● Dataset content
┌──
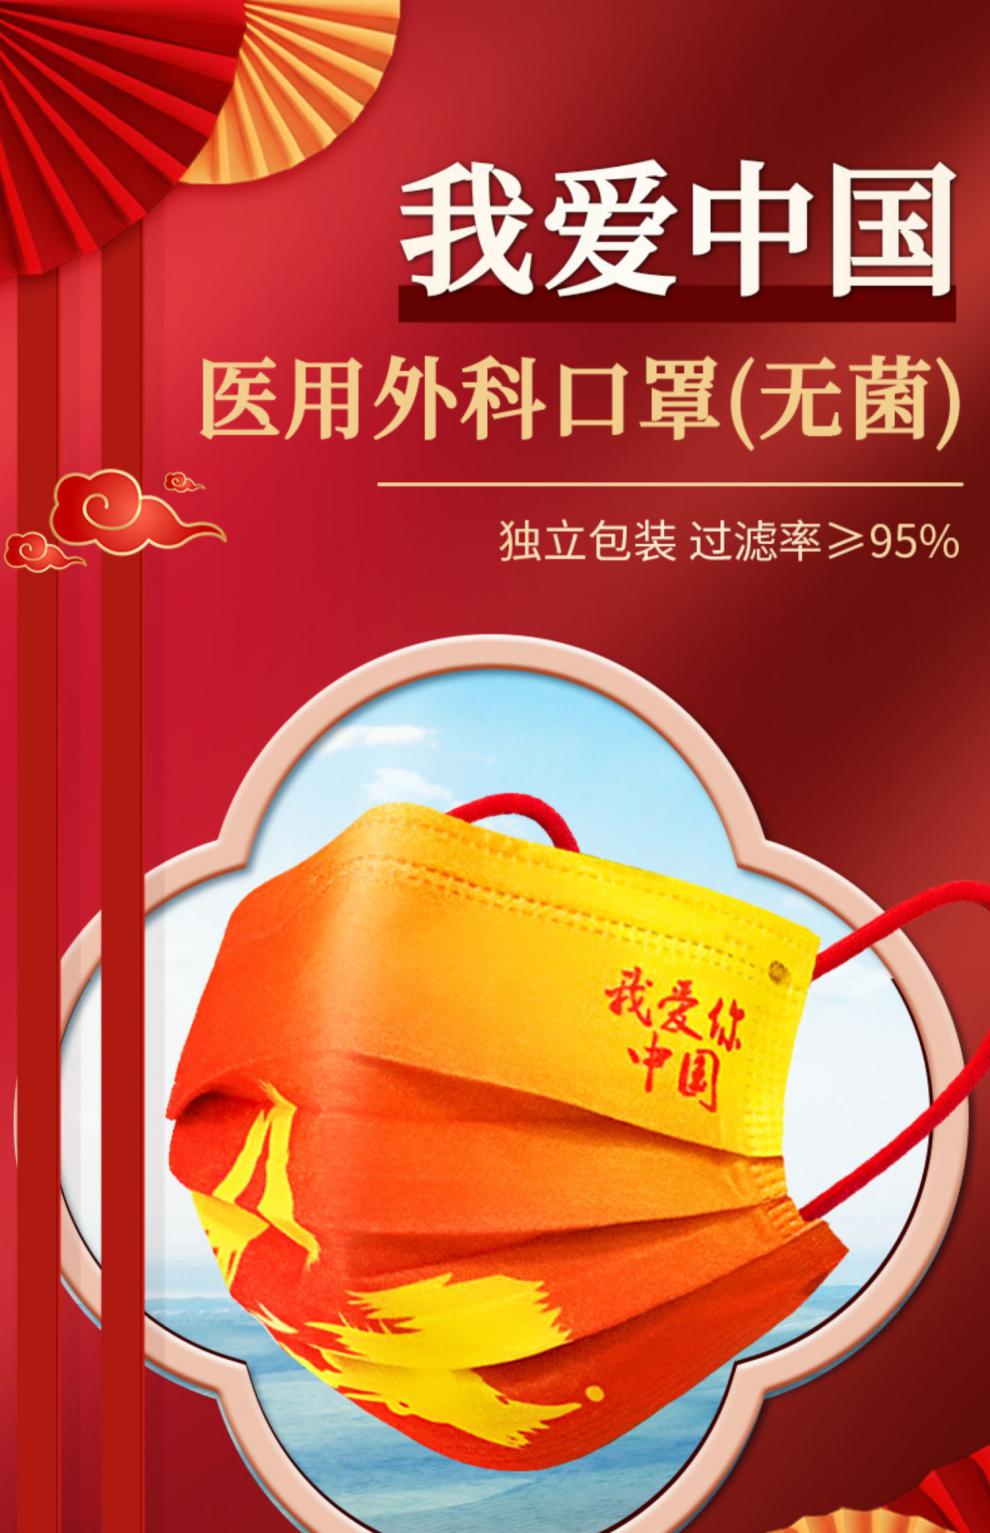 中国红口罩的文案图片
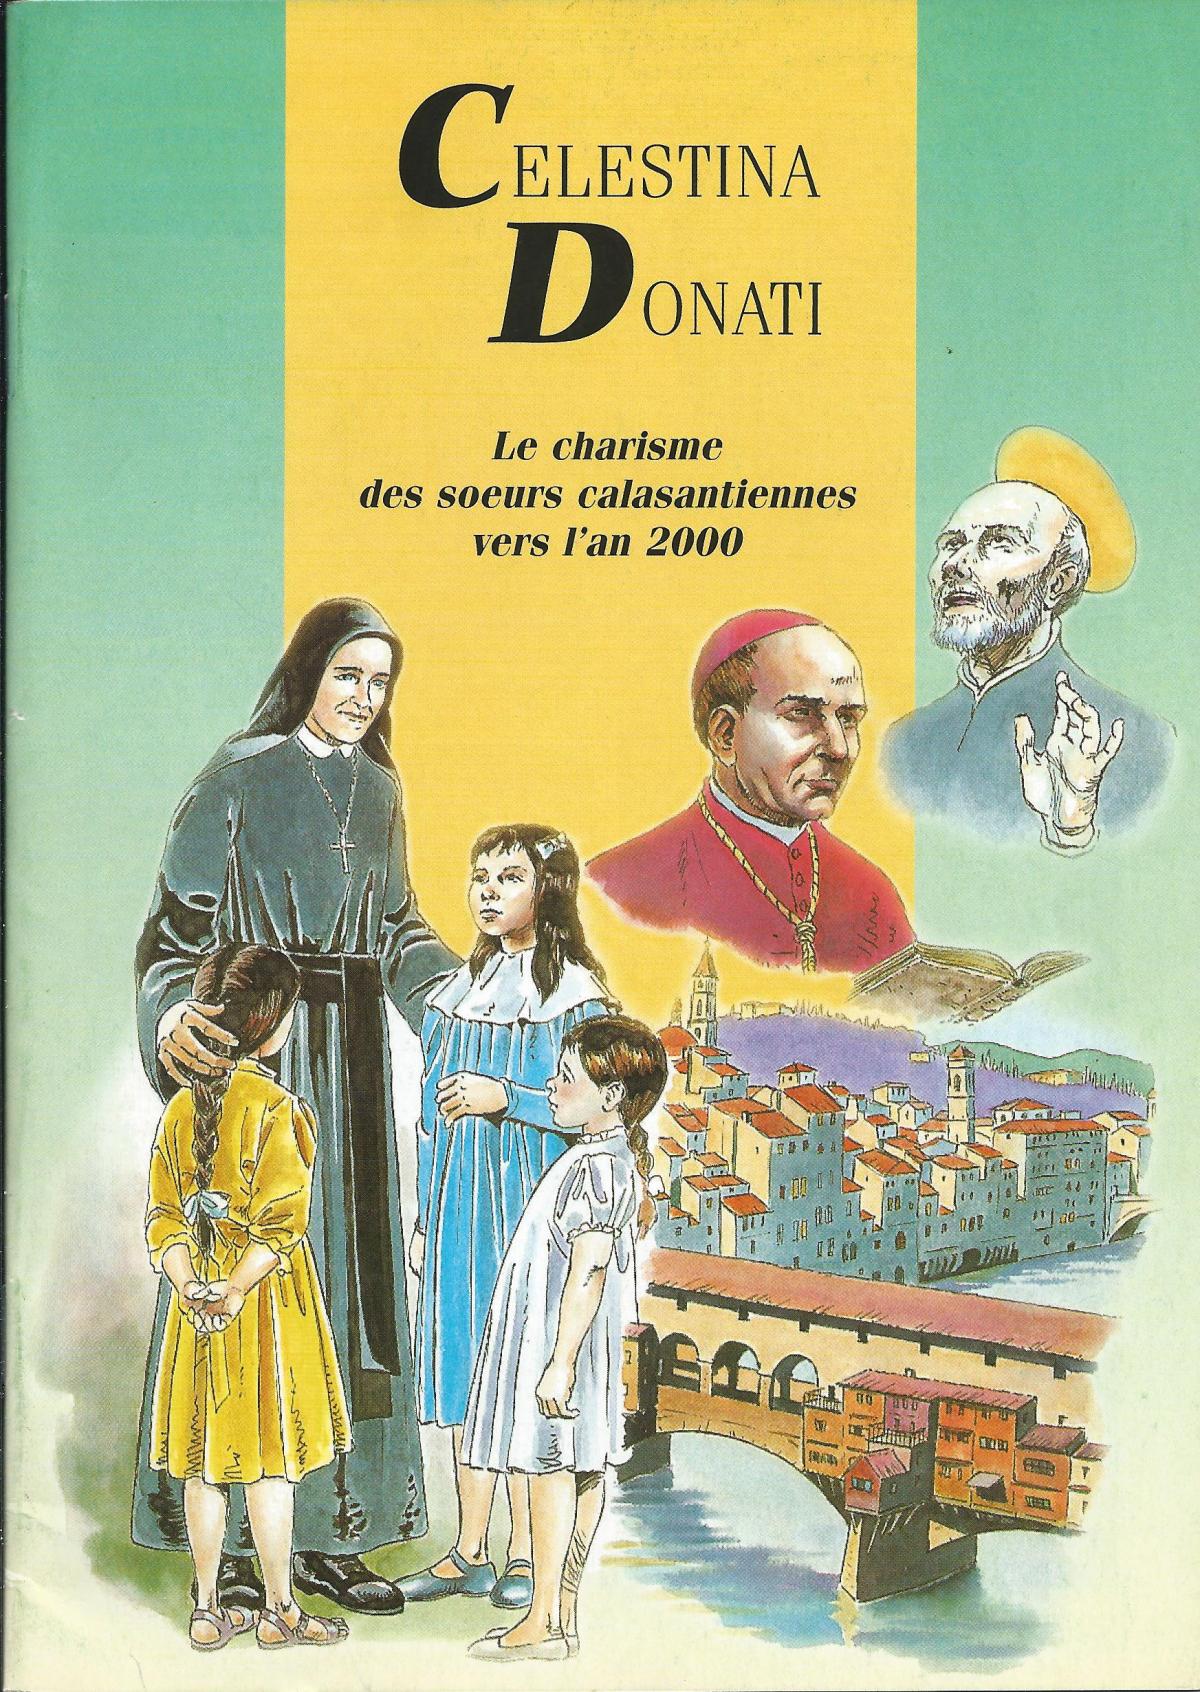 Celestina Donati, le charisme des sœurs calasantiennes vers l'an 2000
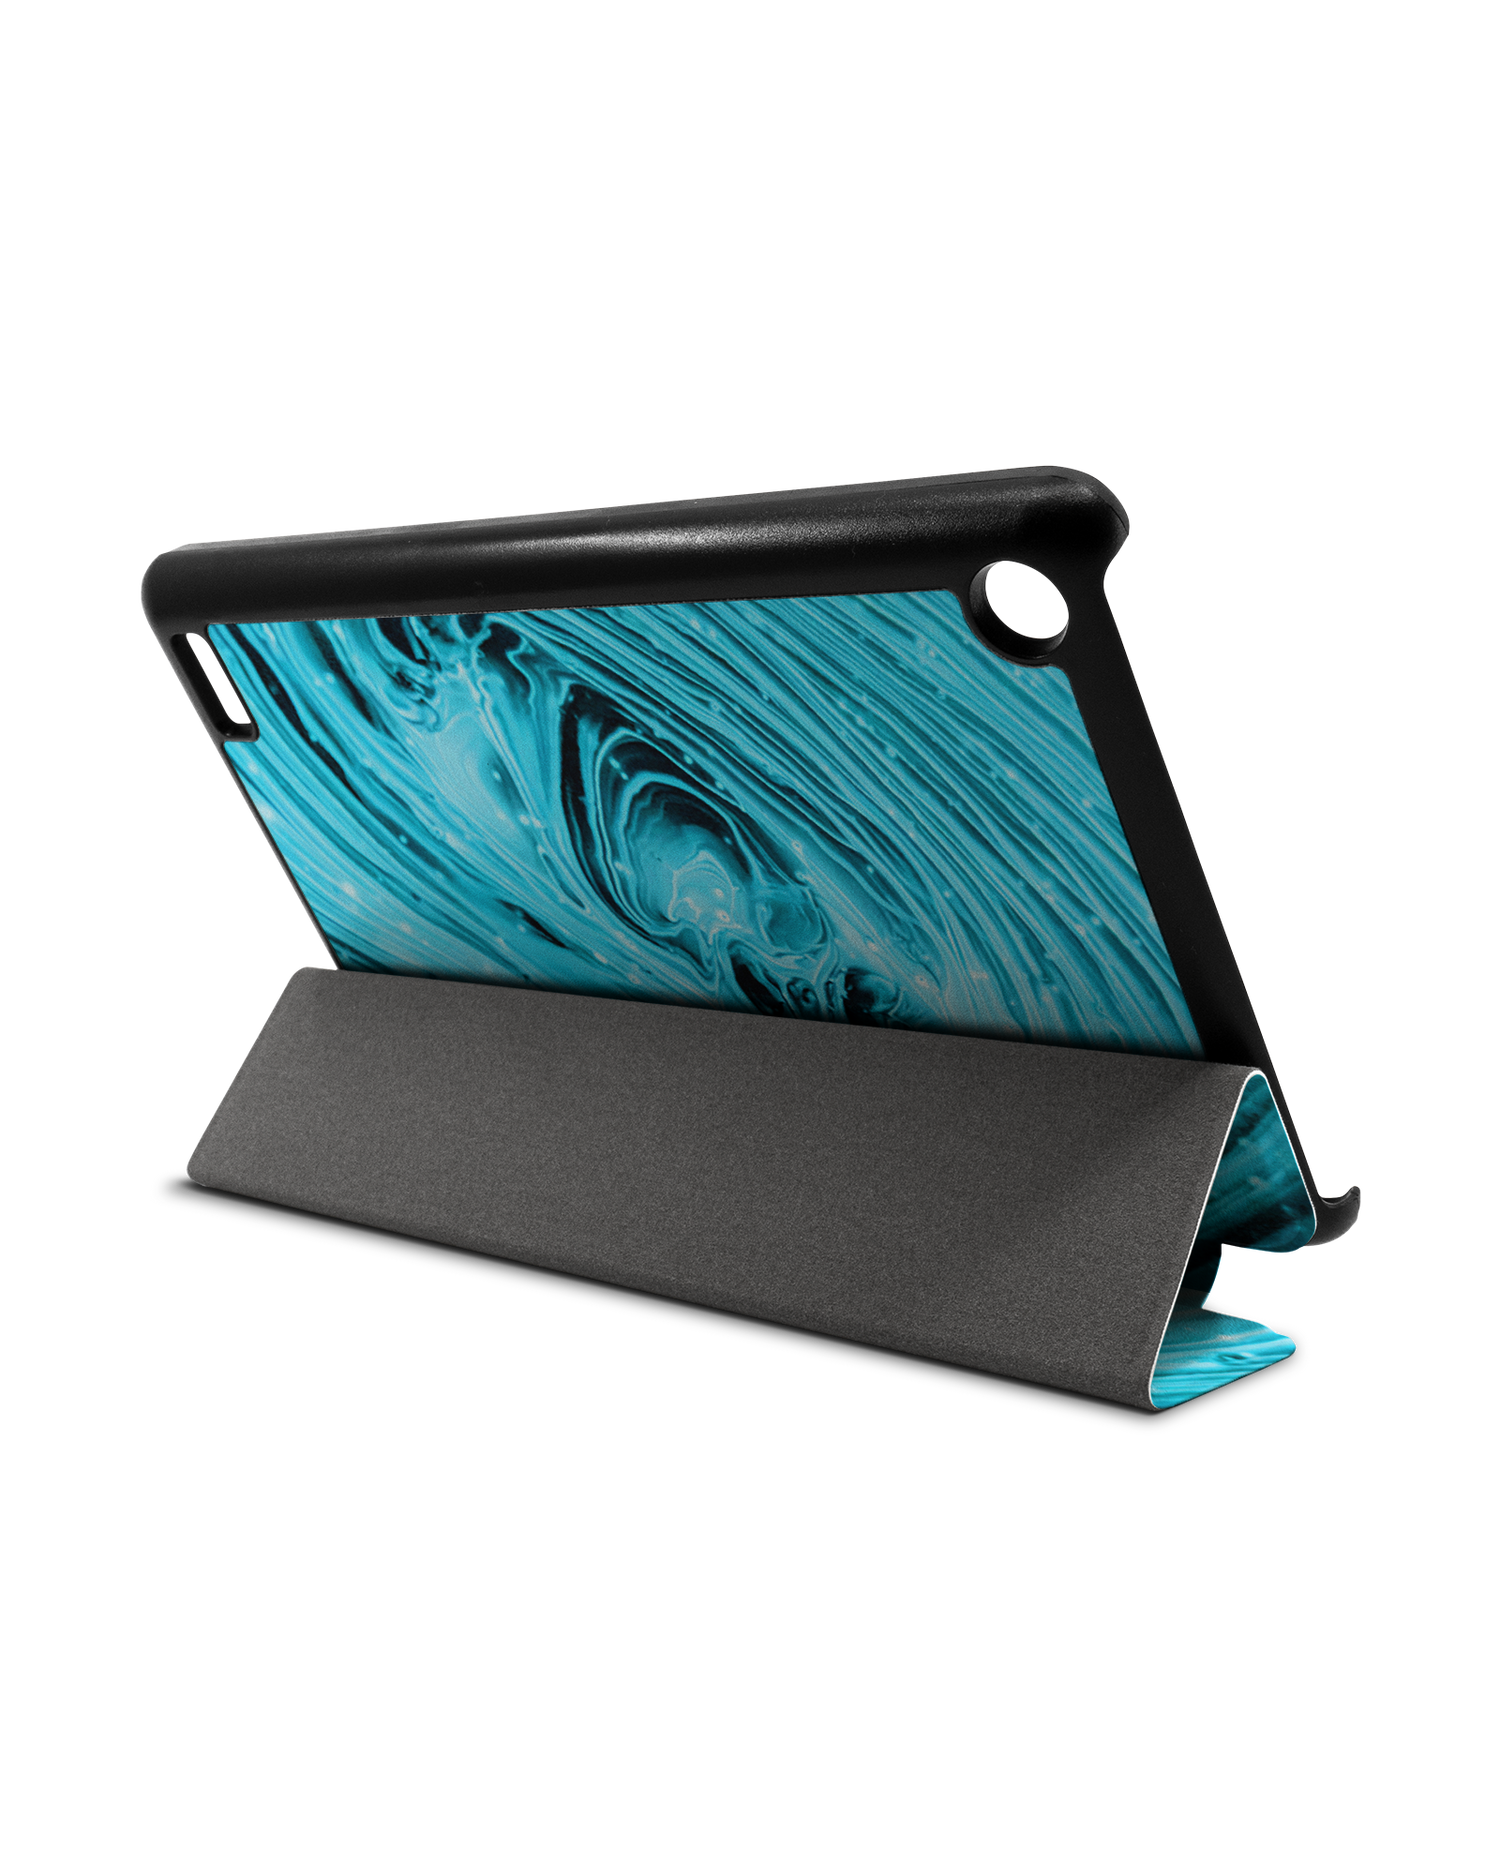 Turquoise Ripples Tablet Smart Case für Amazon Fire 7: Aufgestellt im Querformat
└──
● Task
Make an exact copy of the listing. Leave its pictures out.

● Exercise output
 中国红口罩的文案图片
 Celestina Donati, le charisme des sœurs calasantiennes vers l'an 2000
 Turquoise Ripples Tablet Smart Case für Amazon Fire 7: Aufgestellt im Querformat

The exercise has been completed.